Location
- Mooroolbark & Mount Evelyn, Victoria Australia 37°47′59″S 145°19′28″E﻿ / ﻿37.79972°S 145.32444°E

Information
- School type: Public
- Motto: Respect, Endeavor, Achievement, Pride
- Established: 1968
- School number: 8815
- Principal: Darren Trippett
- Grades: 7–12
- Enrolment: 793
- Colours: Dark blue and yellow
- Website: https://www.yarrahills.vic.edu.au/

= Yarra Hills Secondary College =

Yarra Hills Secondary College (formerly Pembroke Secondary College) is a secondary school in the outer eastern suburbs of Melbourne, Australia. The school has two campuses, one located in Mount Evelyn and the other located in Mooroolbark.

==History==
Pembroke High School opened in 1968 with 86 students and four teachers in temporary accommodation at Croydon West High School. In February 1970, the school opened on its Cambridge Road site.

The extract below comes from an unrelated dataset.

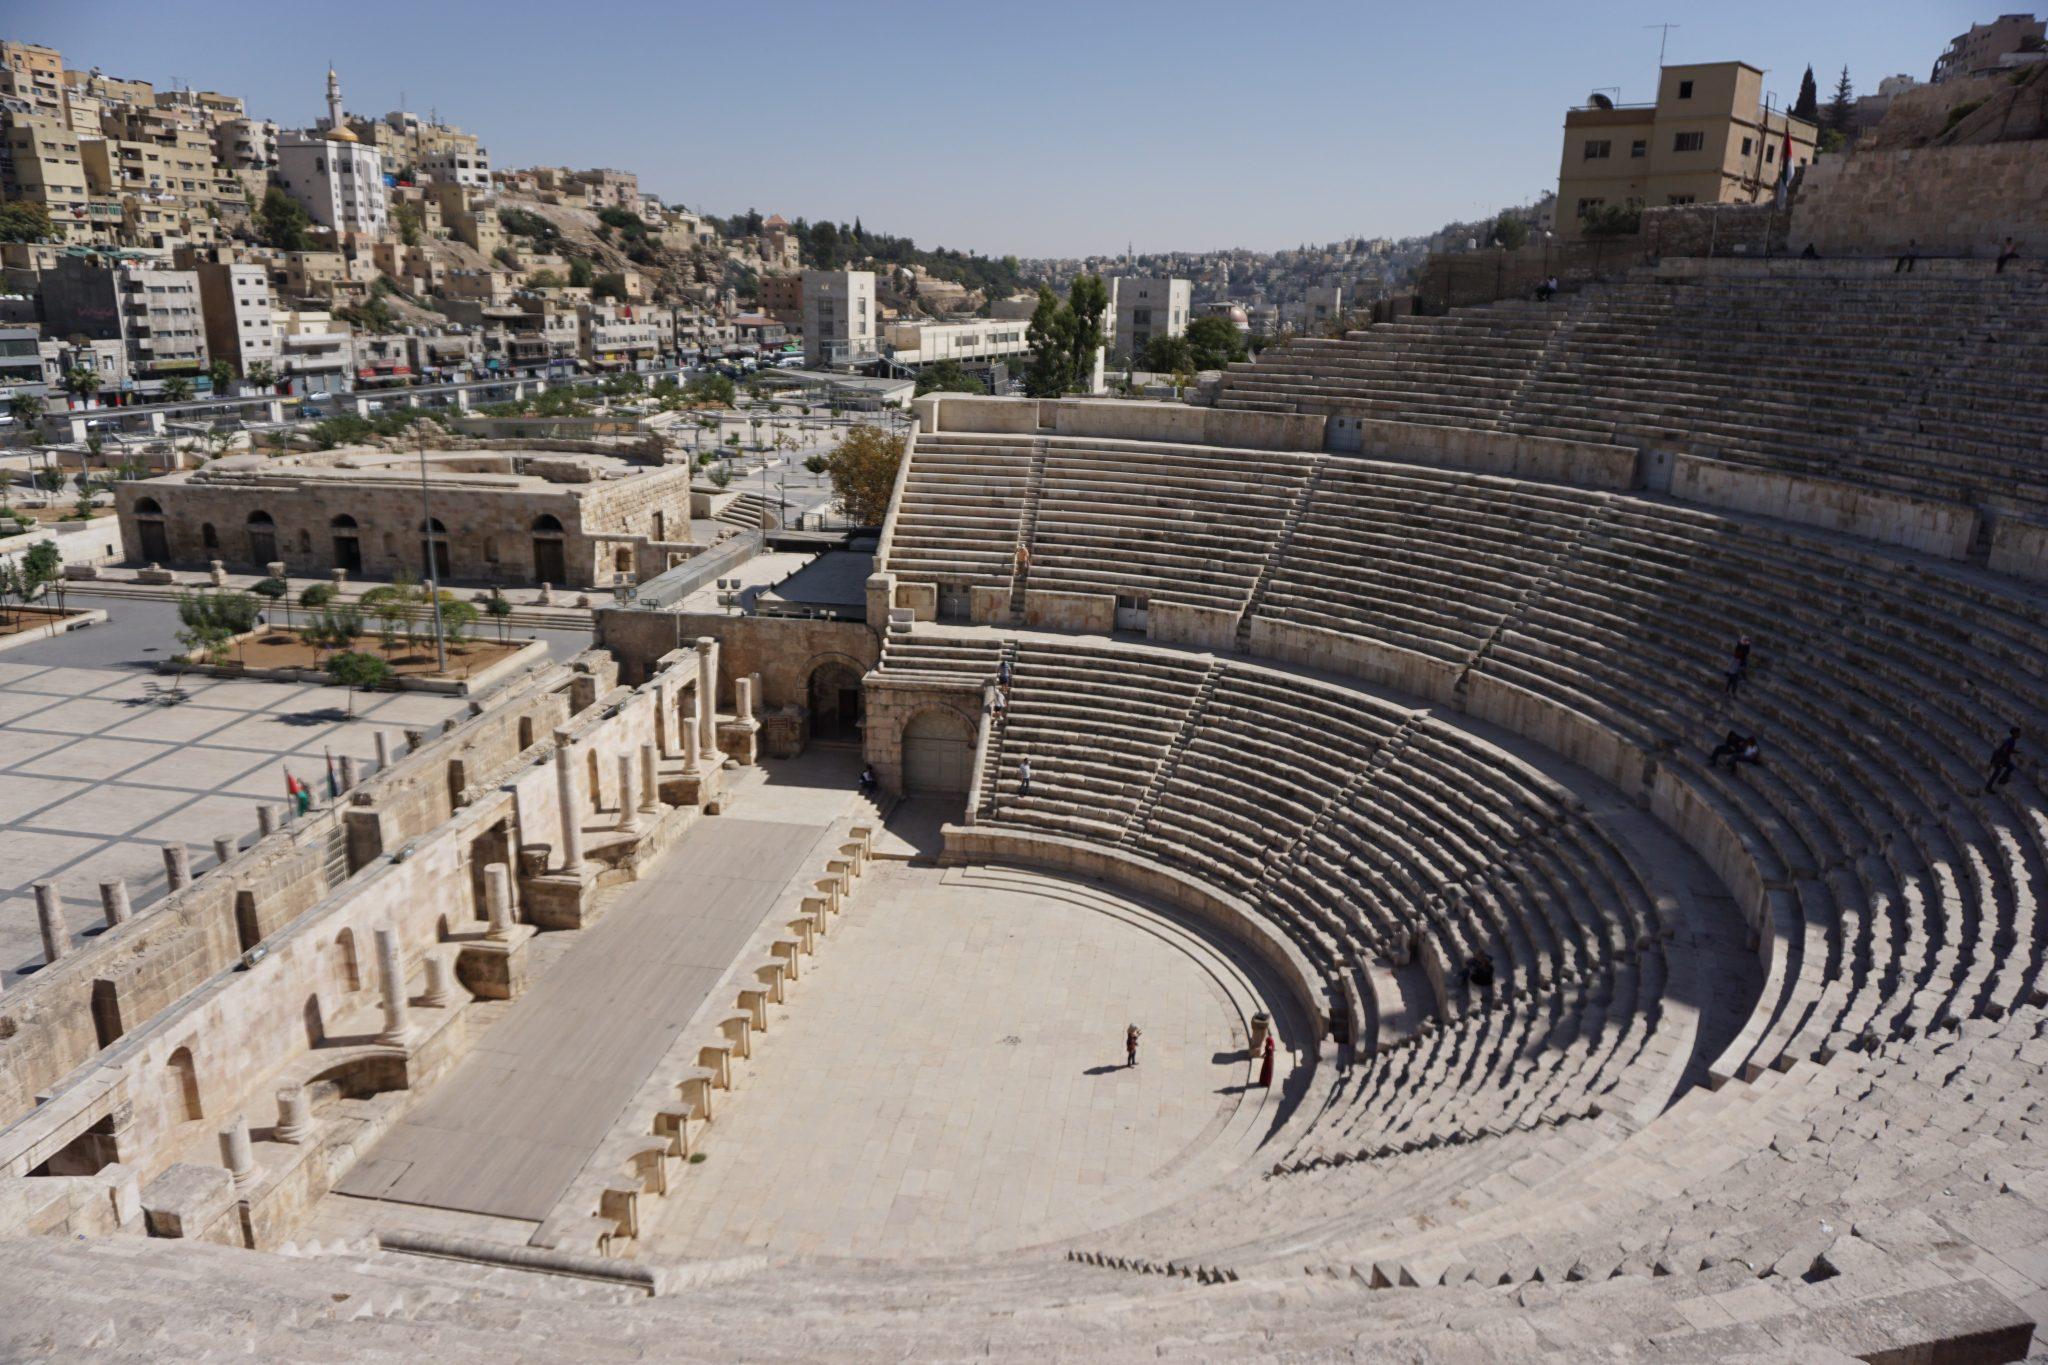 amphitheater, amman, jordan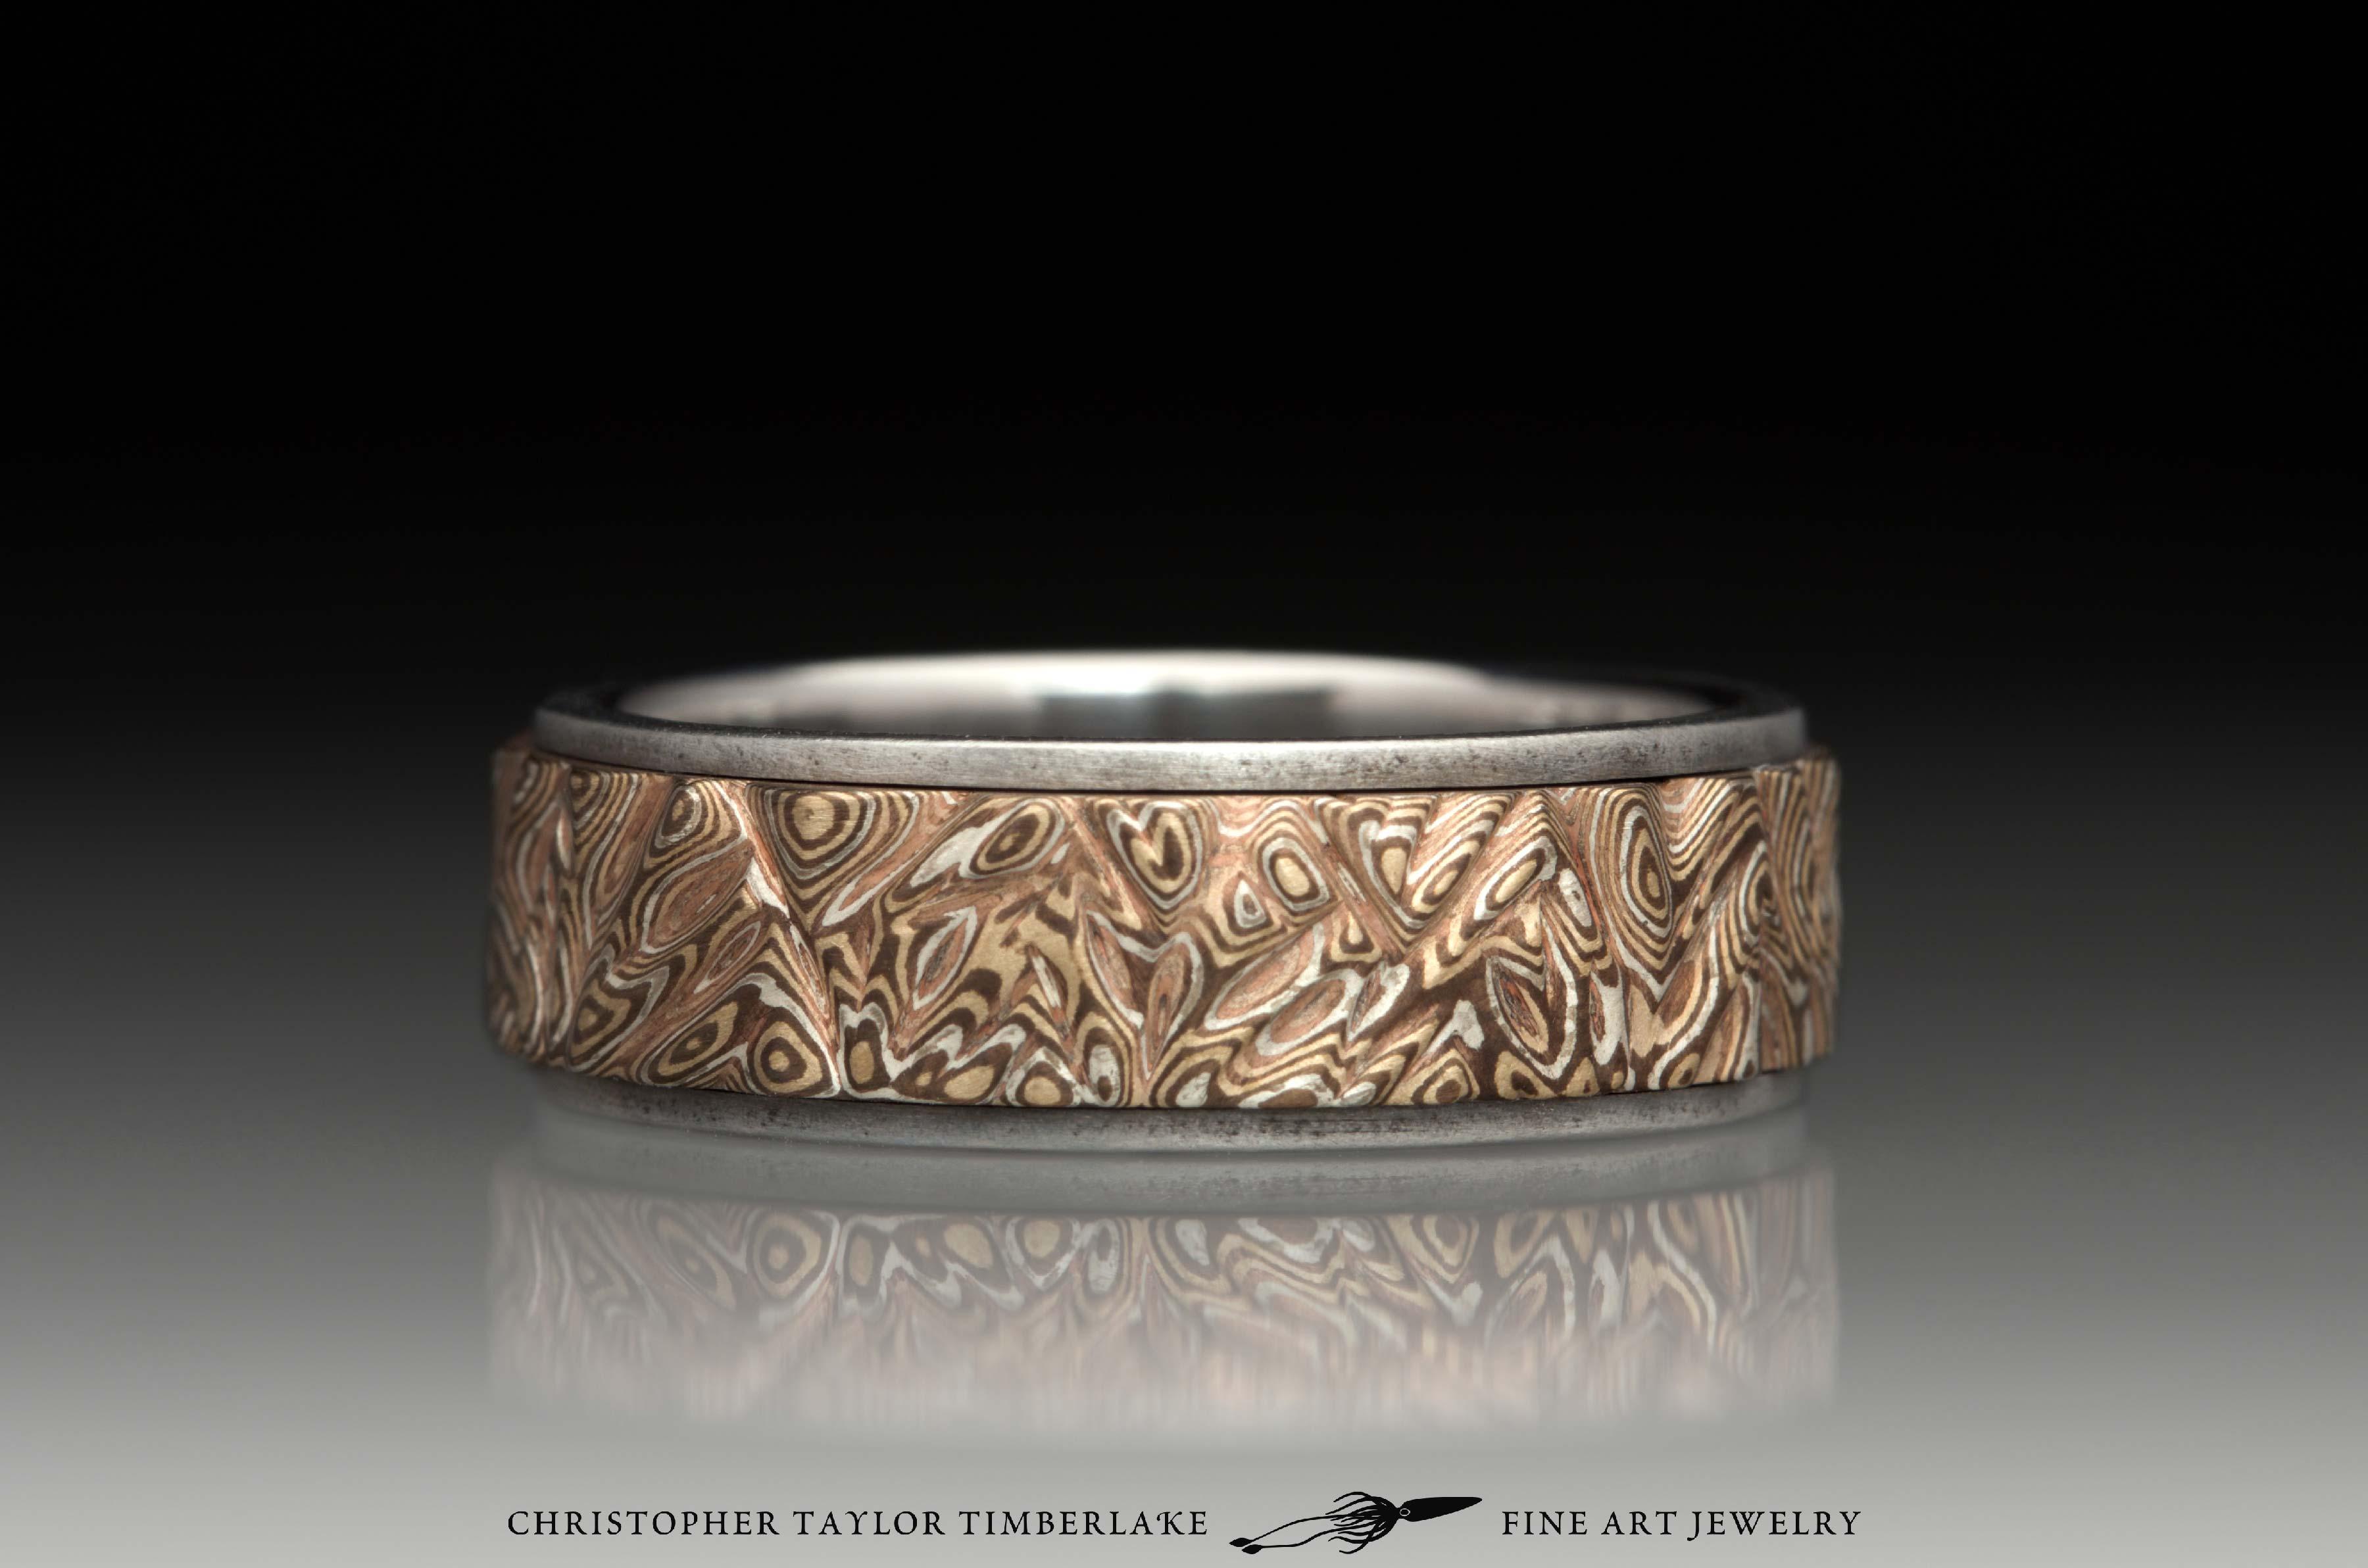 Mokumé-Mokume-Gane-Ring-M90-sterling-silver,-shakudo,-kogane,-stainless-steel-band,-oxidized,-flat-topped,-(1-5-1)-7mm-2

The school was officially opened by the Governor of Victoria – Sir Rohan Delacombe on 14 November 1972. A merger with Mooroolbark Secondary College followed by a merger with Mt Evelyn Secondary College resulted in the previous three-campus structure.

On 5 July 2010, a suspicious fire destroyed three classrooms that were to be demolished.

== Modernisation Project – Mooroolbark Campus ==
In May 2009, the Victorian State Government announced funding (A$10.4million) for a two-part development of a new state of the art complex on the Reay Road site (current Mooroolbark site) to replace the previous Cambridge Road and Reay Road campuses. Stage one saw the demolition of the old senior buildings and construction of a new junior campus which temporarily housed the senior school. Stage two saw the construction of a new senior school into which the senior school moved. The stage one buildings became the home of the Cambridge junior school.
As a part of the modernisation project the school was renamed in 2013 to Yarra Hills Secondary College.
The modernisation project finished in August 2013, and saw the closure of the original Cambridge site in late October.

This resulted in the current two-campus structure.